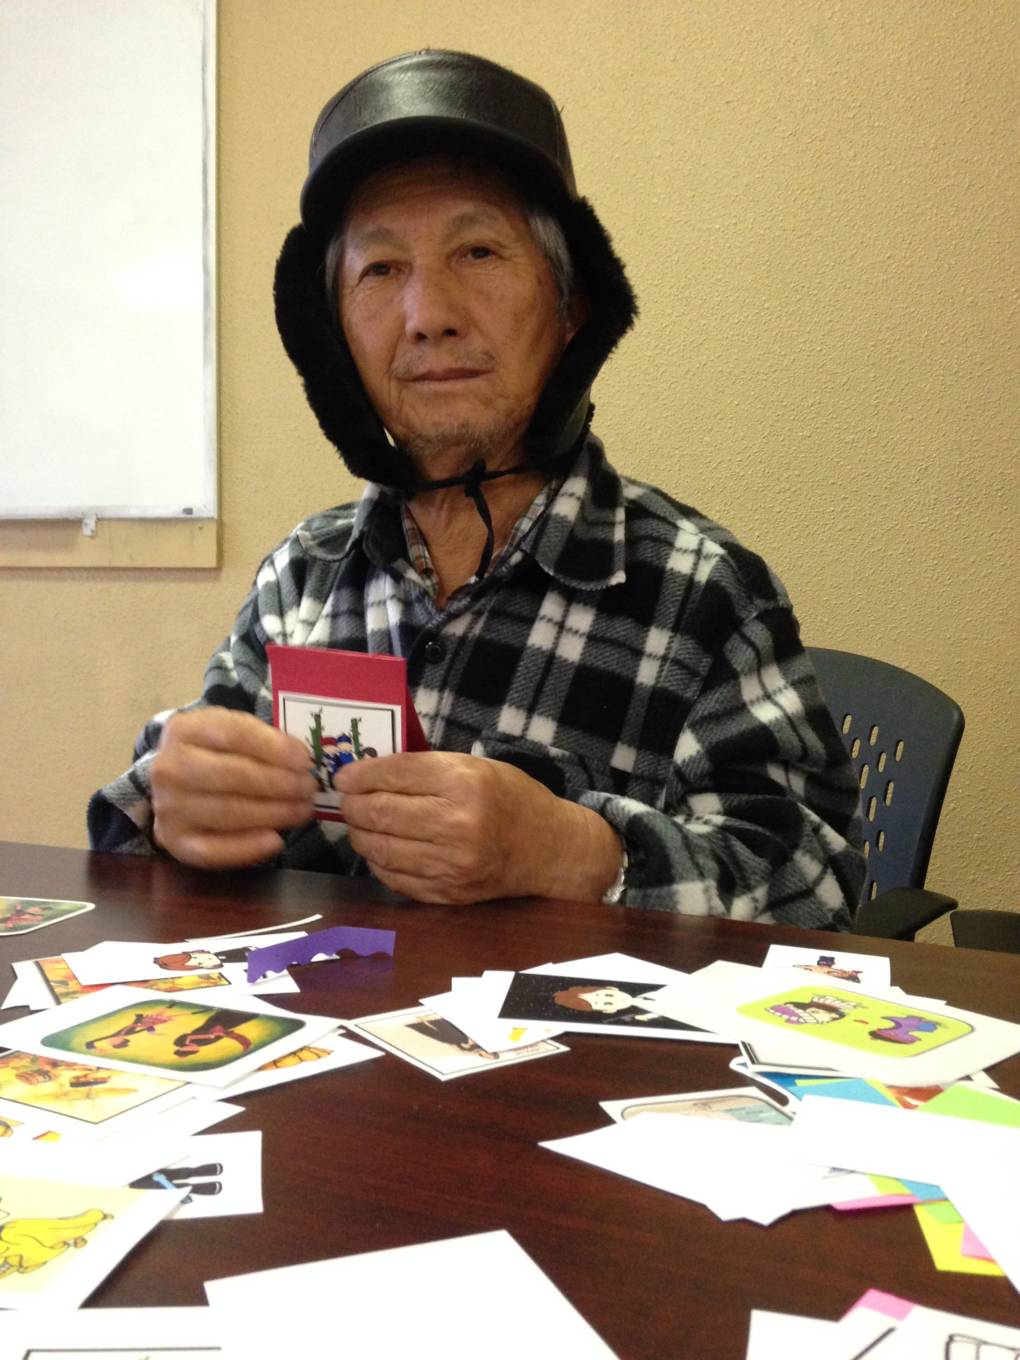 Vong Vang Xiong fought in Laos for six years in the CIA's Secret War. He does group crafts to help deal with depression.
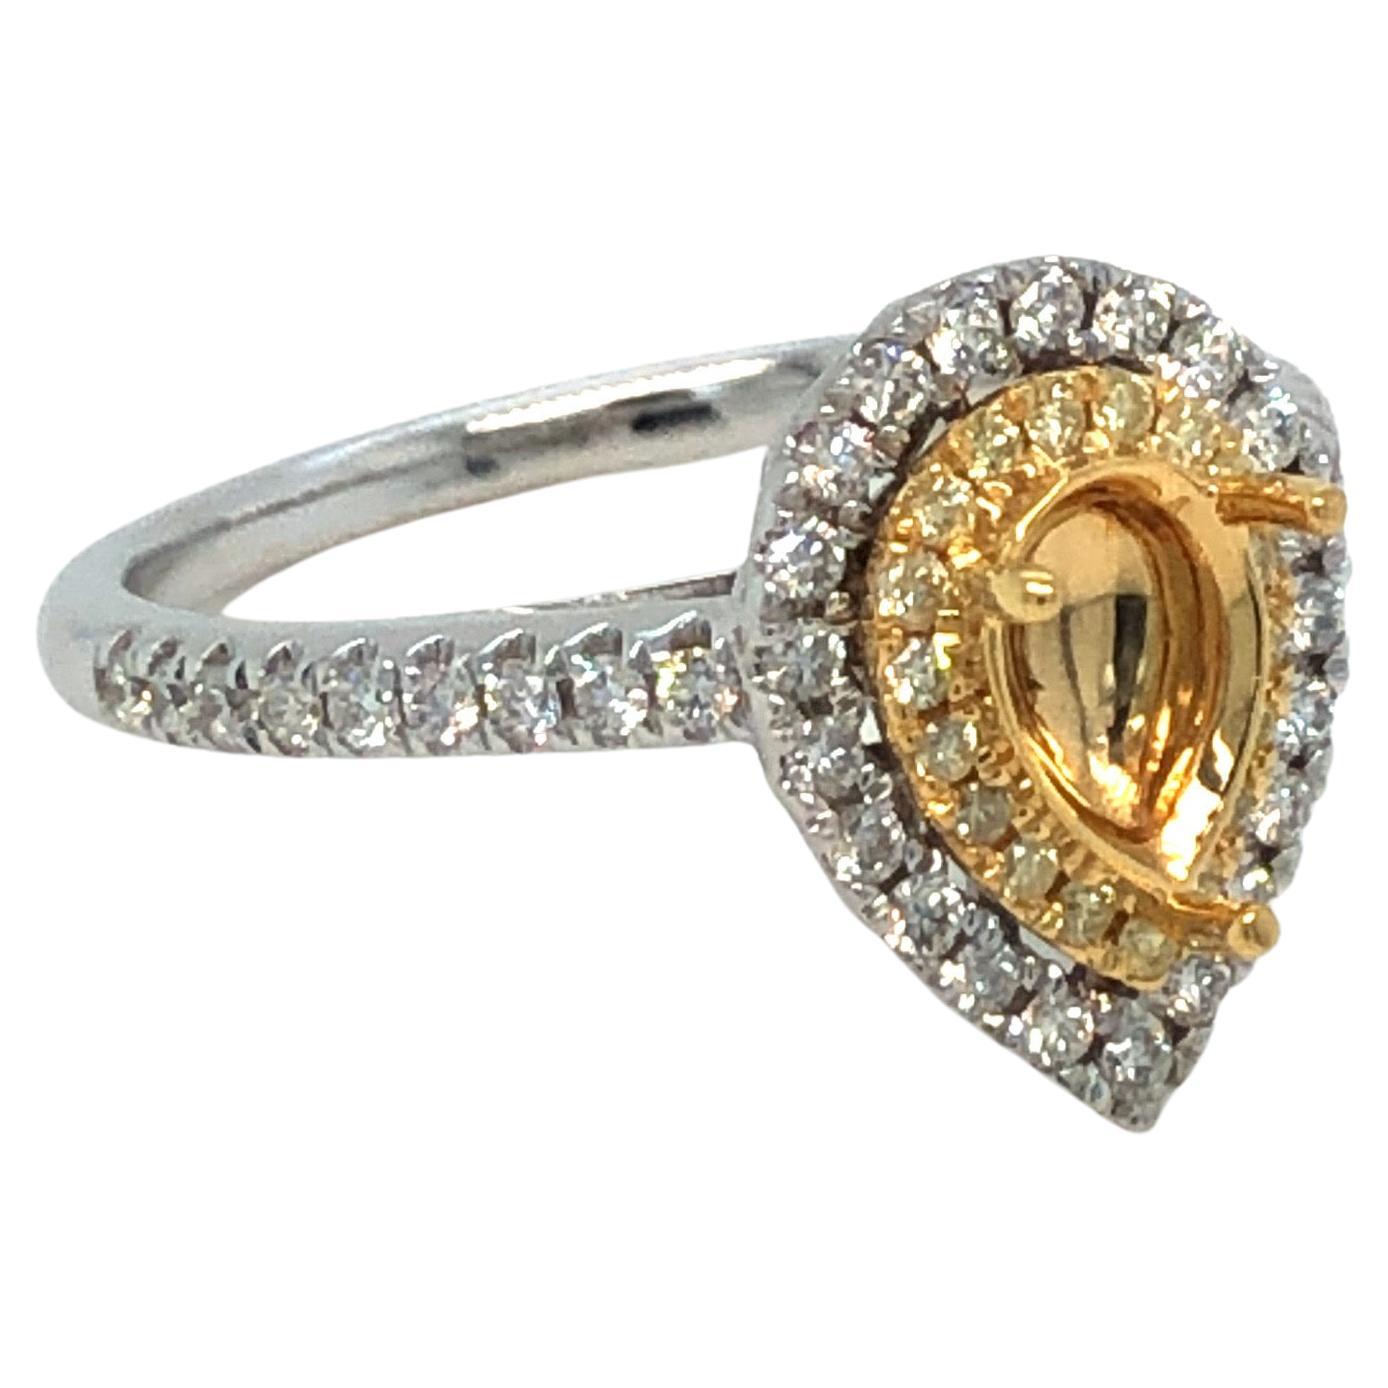 An extremely impressive bespoke ring mount only Ideal for a 0.70 - 0.90 ( 7x5 mm) Carat Natural Fancy Yellow or other coloured gemstone or diamond. For a Pear Shaped Diamond which is set in the centre of the Ring with Double Halo, the inner halo
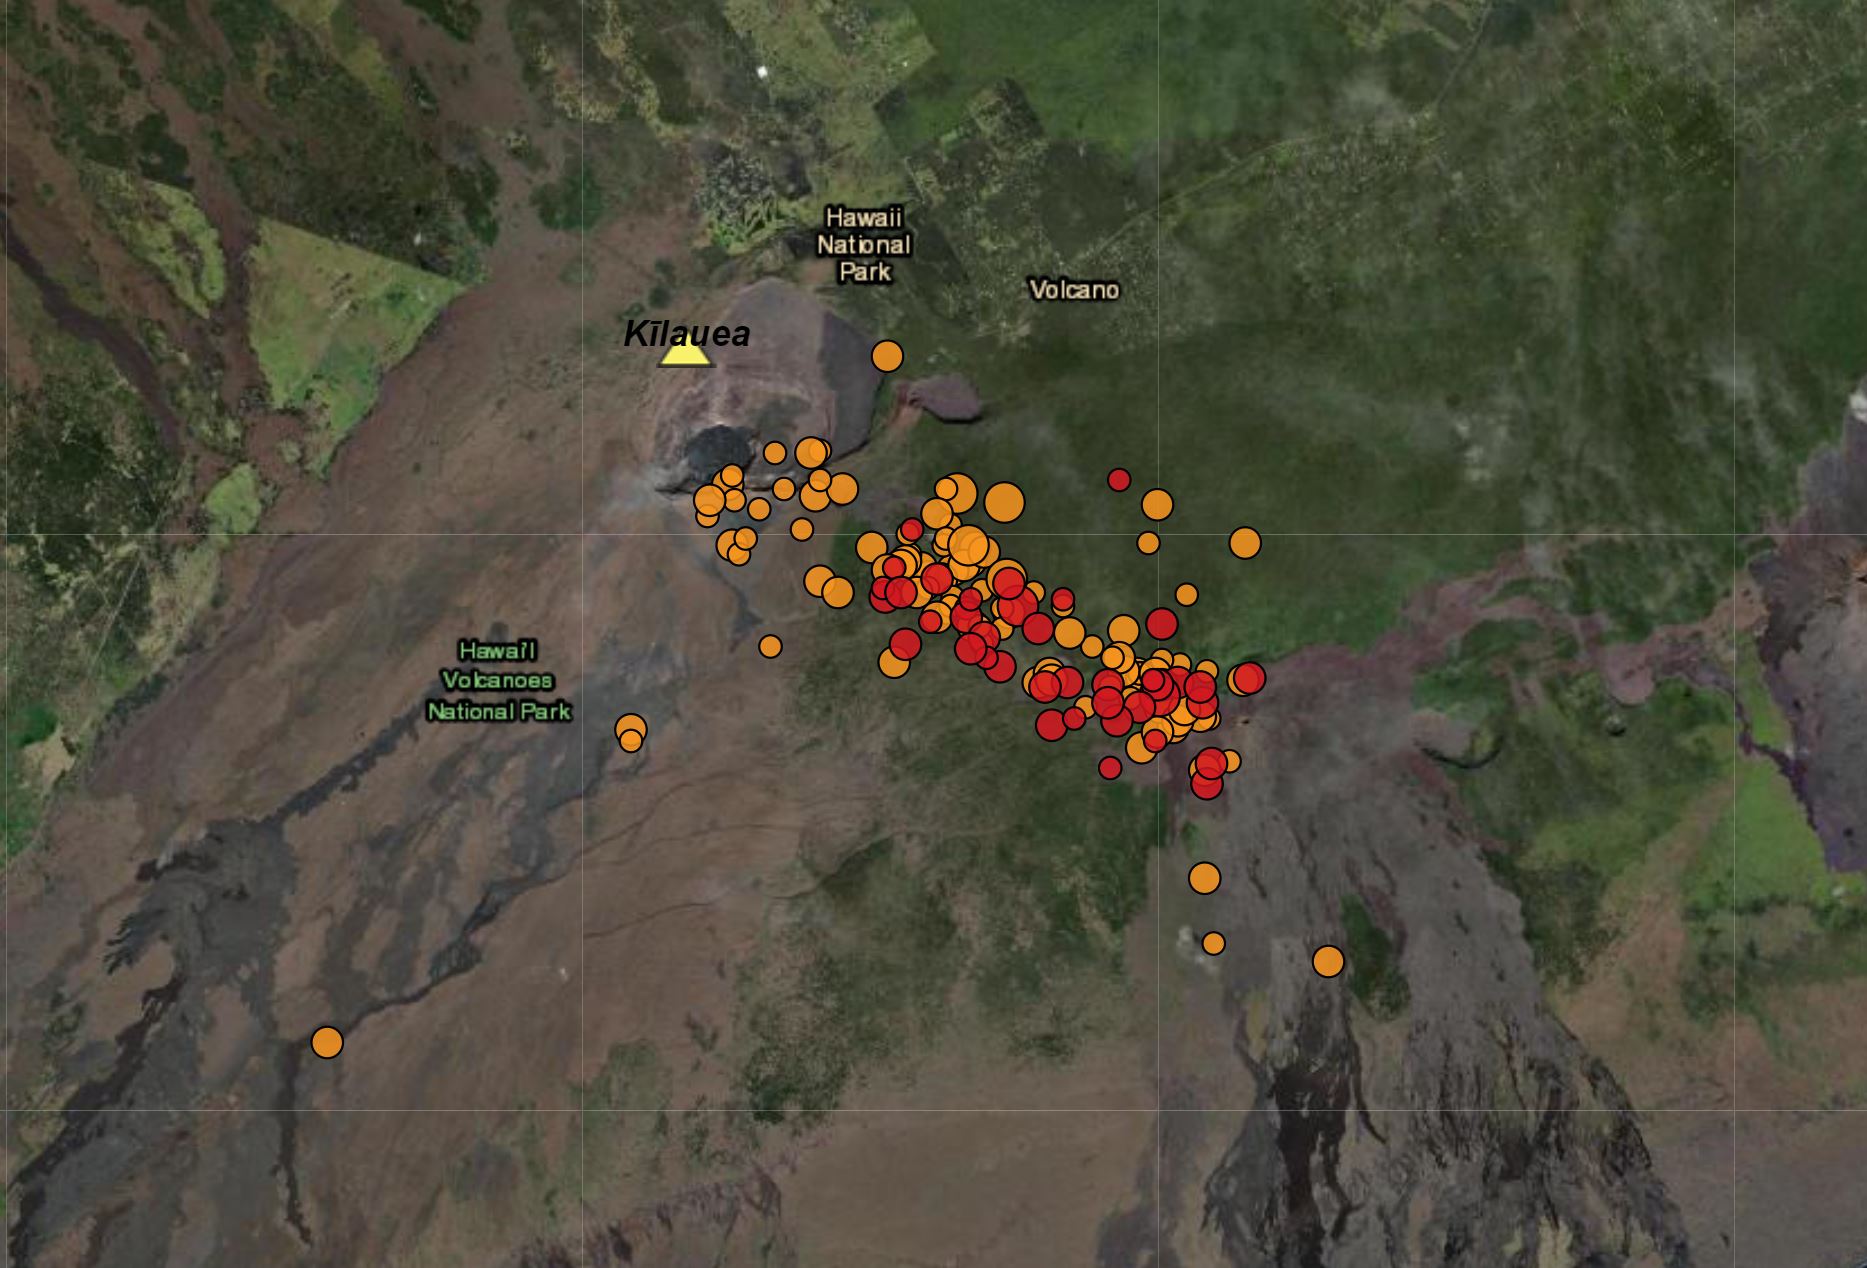 A map showing earthquakes at Kīlauea summit with red dots.

*EXERCISE REQUIREMENTS*. In your answer, repeat the material above in full, exactly, and without its pictures.

*TASK RESPONSE*.
 Vong Vang Xiong fought in Laos for six years in the CIA's Secret War. He does group crafts to help deal with depression.
 An extremely impressive bespoke ring mount only Ideal for a 0.70 - 0.90 ( 7x5 mm) Carat Natural Fancy Yellow or other coloured gemstone or diamond. For a Pear Shaped Diamond which is set in the centre of the Ring with Double Halo, the inner halo
 A map showing earthquakes at Kīlauea summit with red dots.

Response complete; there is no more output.